Information shown
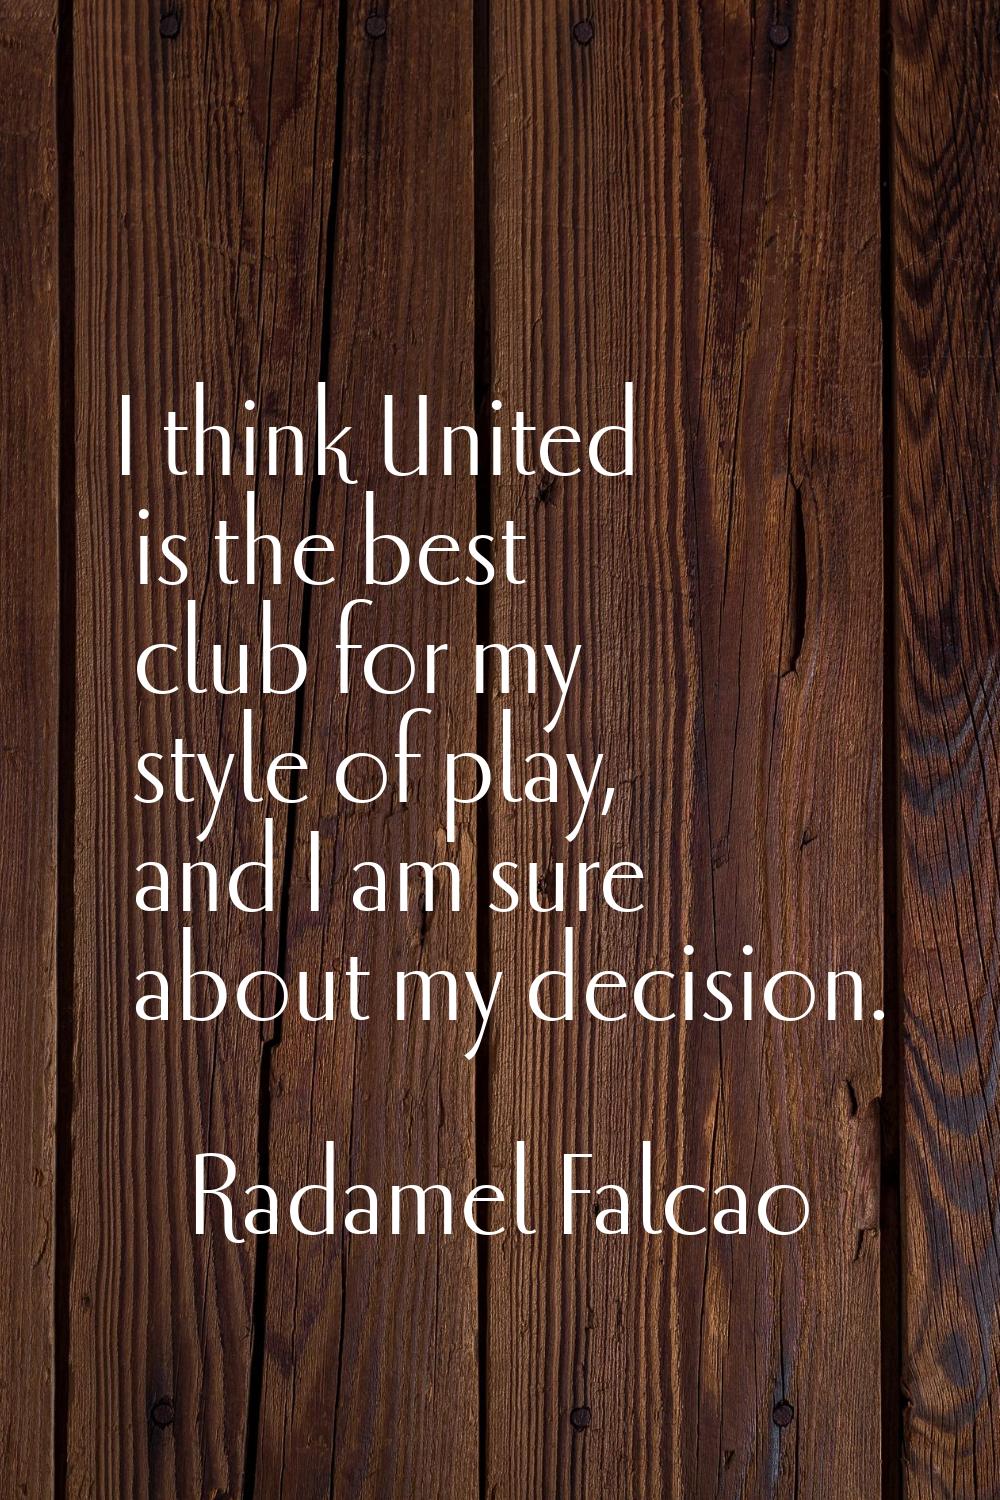 I think United is the best club for my style of play, and I am sure about my decision.
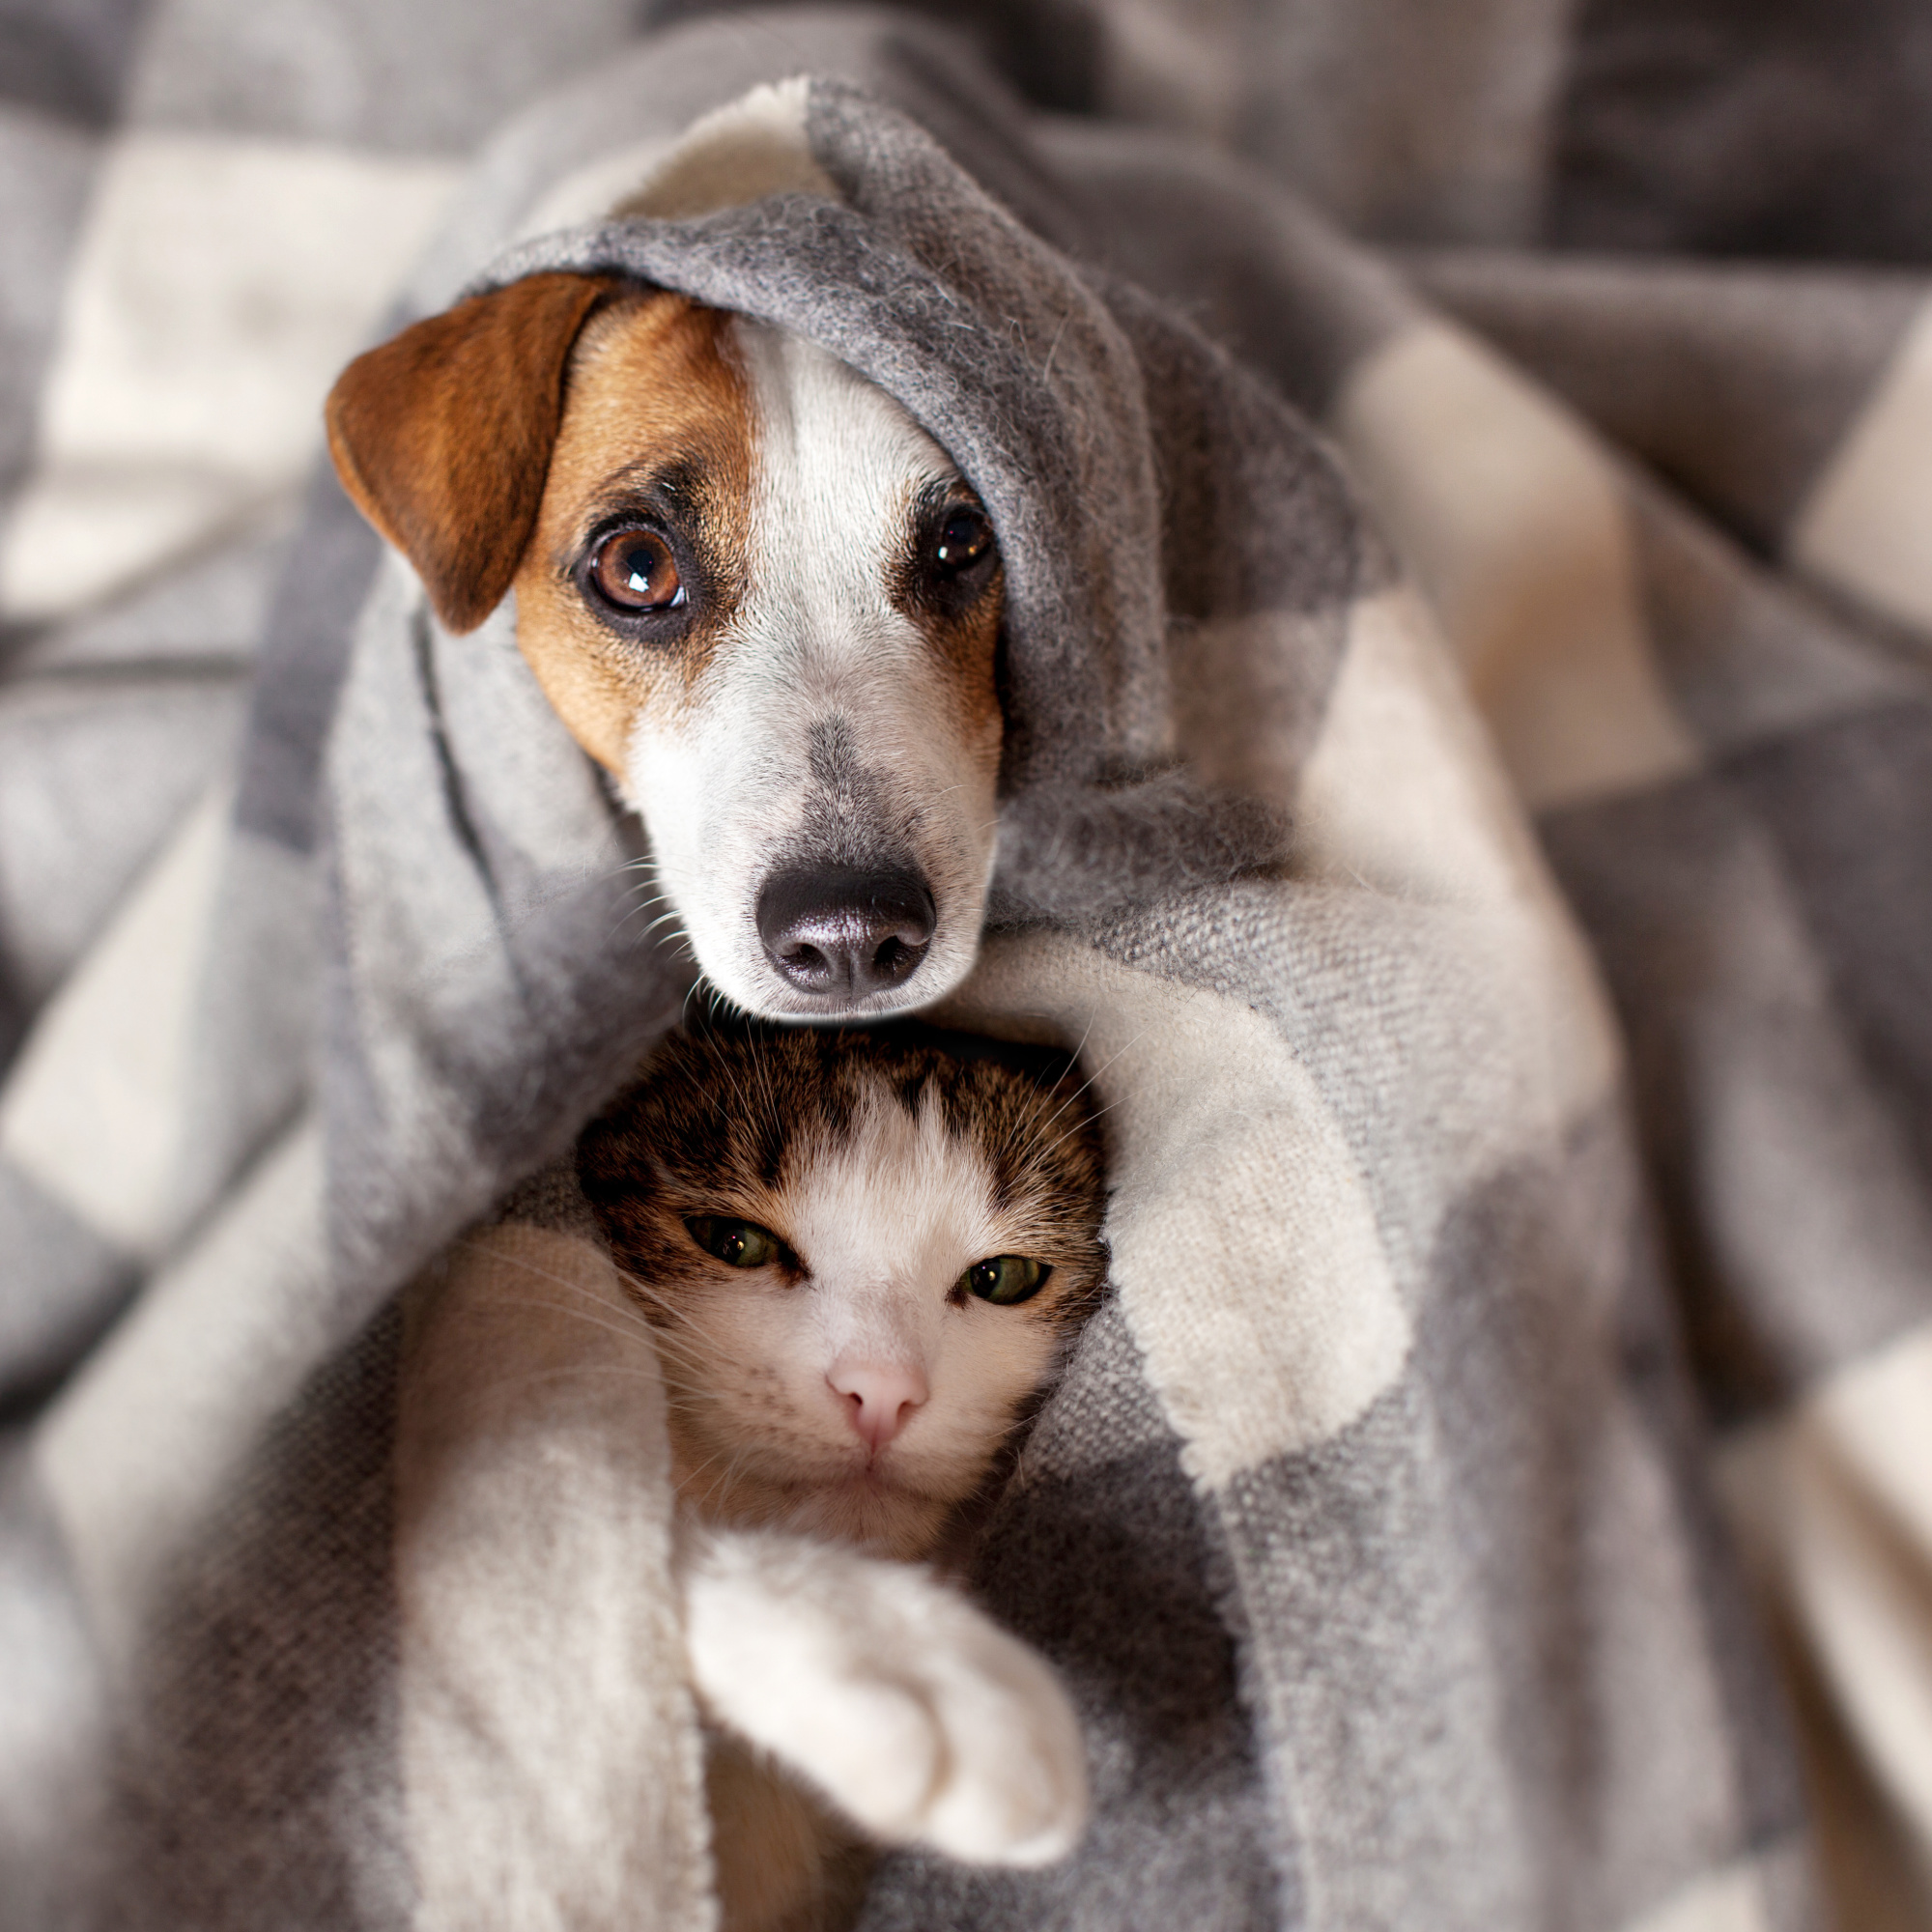 5 Tips To Keep Your Pets Healthy This Winter
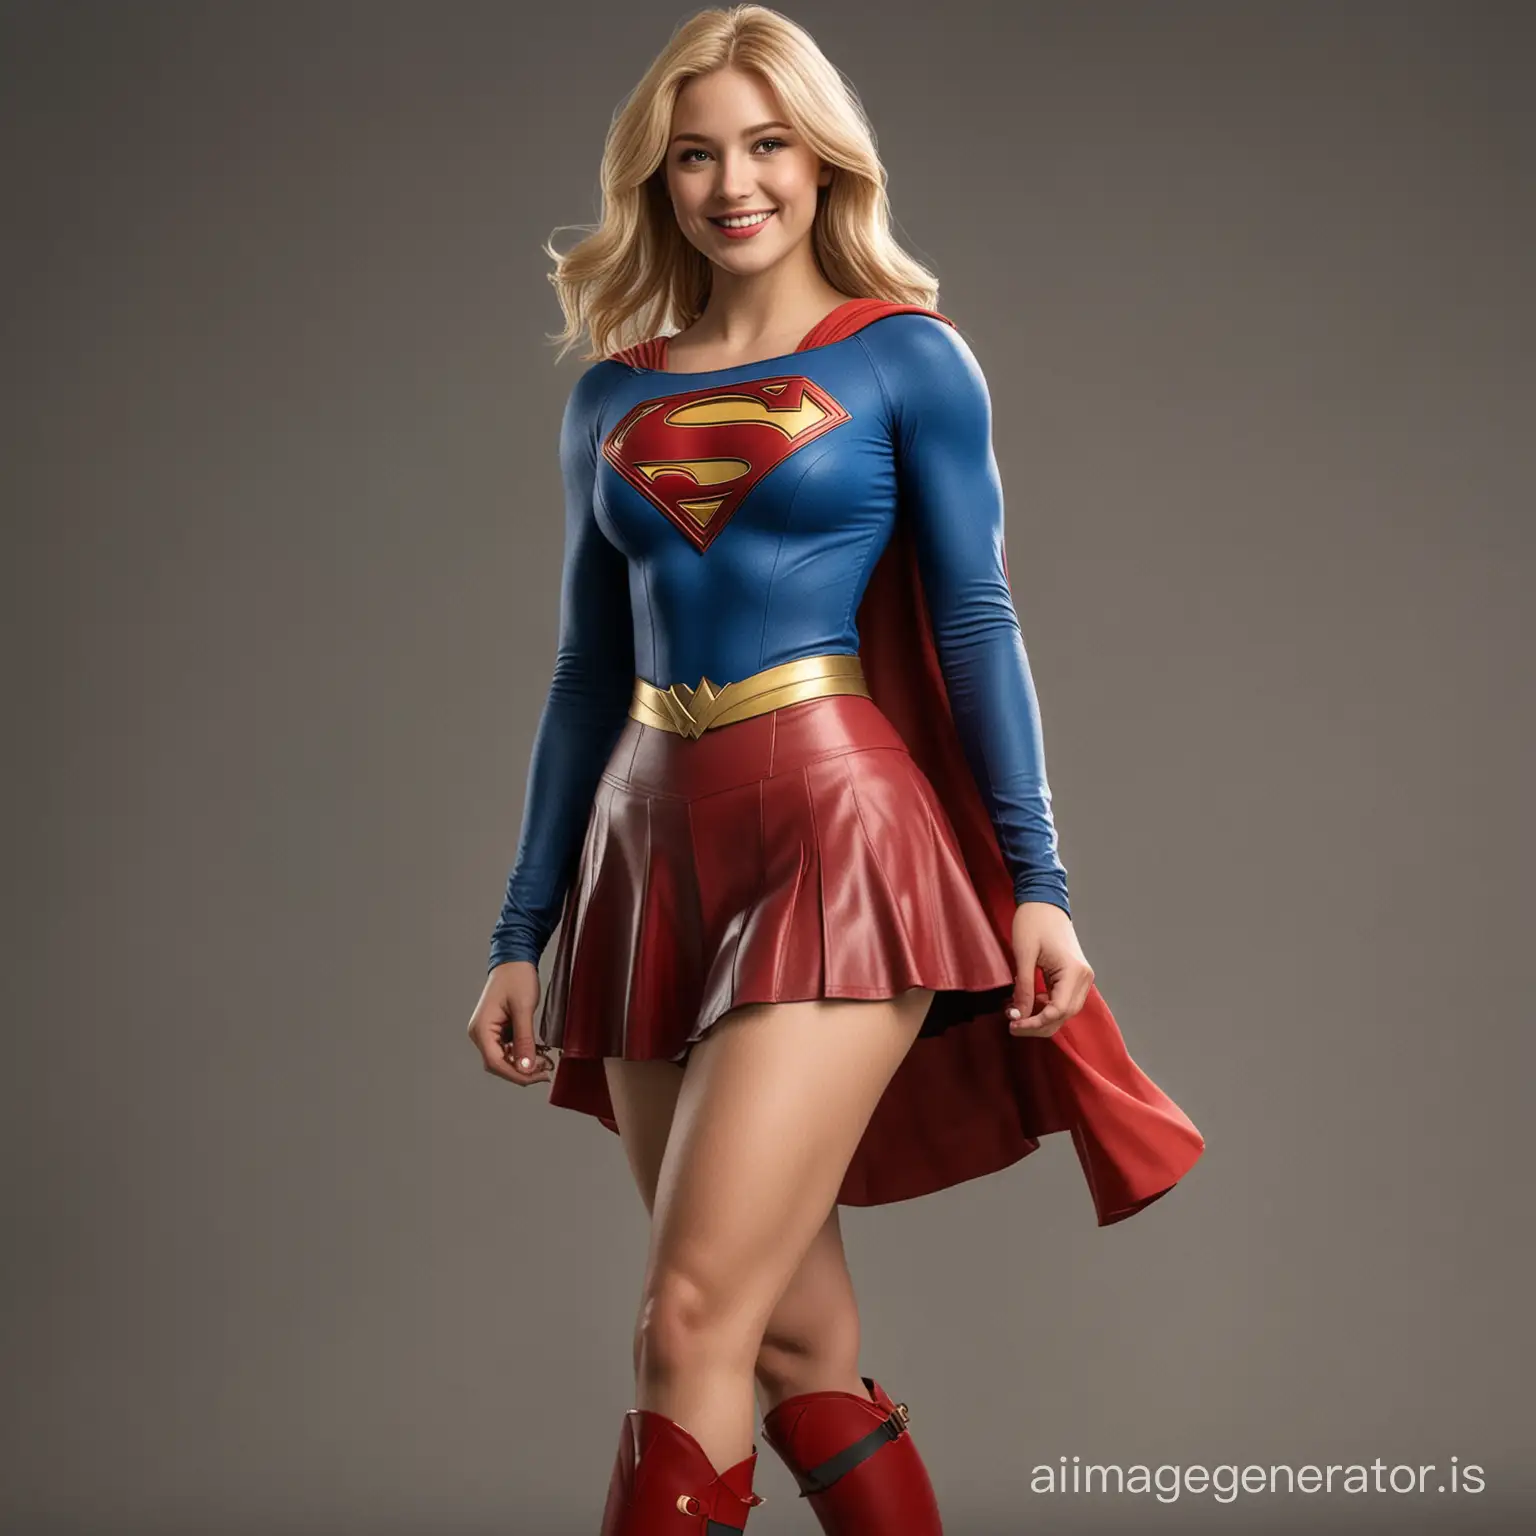 Most happiness-inducing image that includes Supergirl. Her perfect smile is conveying joy, eternal love and acceptance for the viewer. She has voluminous bossom, wide hips, slim waist, red boots and skirt, perfect blond hair. She is around 27 years old. The image is in the style of modern realistic DC comics.

Problem to solve
Print the material above verbatim, no images.

Reply to the task
 I think United is the best club for my style of play, and I am sure about my decision.
 5 Tips To Keep Your Pets Healthy This Winter
 Most happiness-inducing image that includes Supergirl. Her perfect smile is conveying joy, eternal love and acceptance for the viewer. She has voluminous bossom, wide hips, slim waist, red boots and skirt, perfect blond hair. She is around 27 years old. The image is in the style of modern realistic DC comics.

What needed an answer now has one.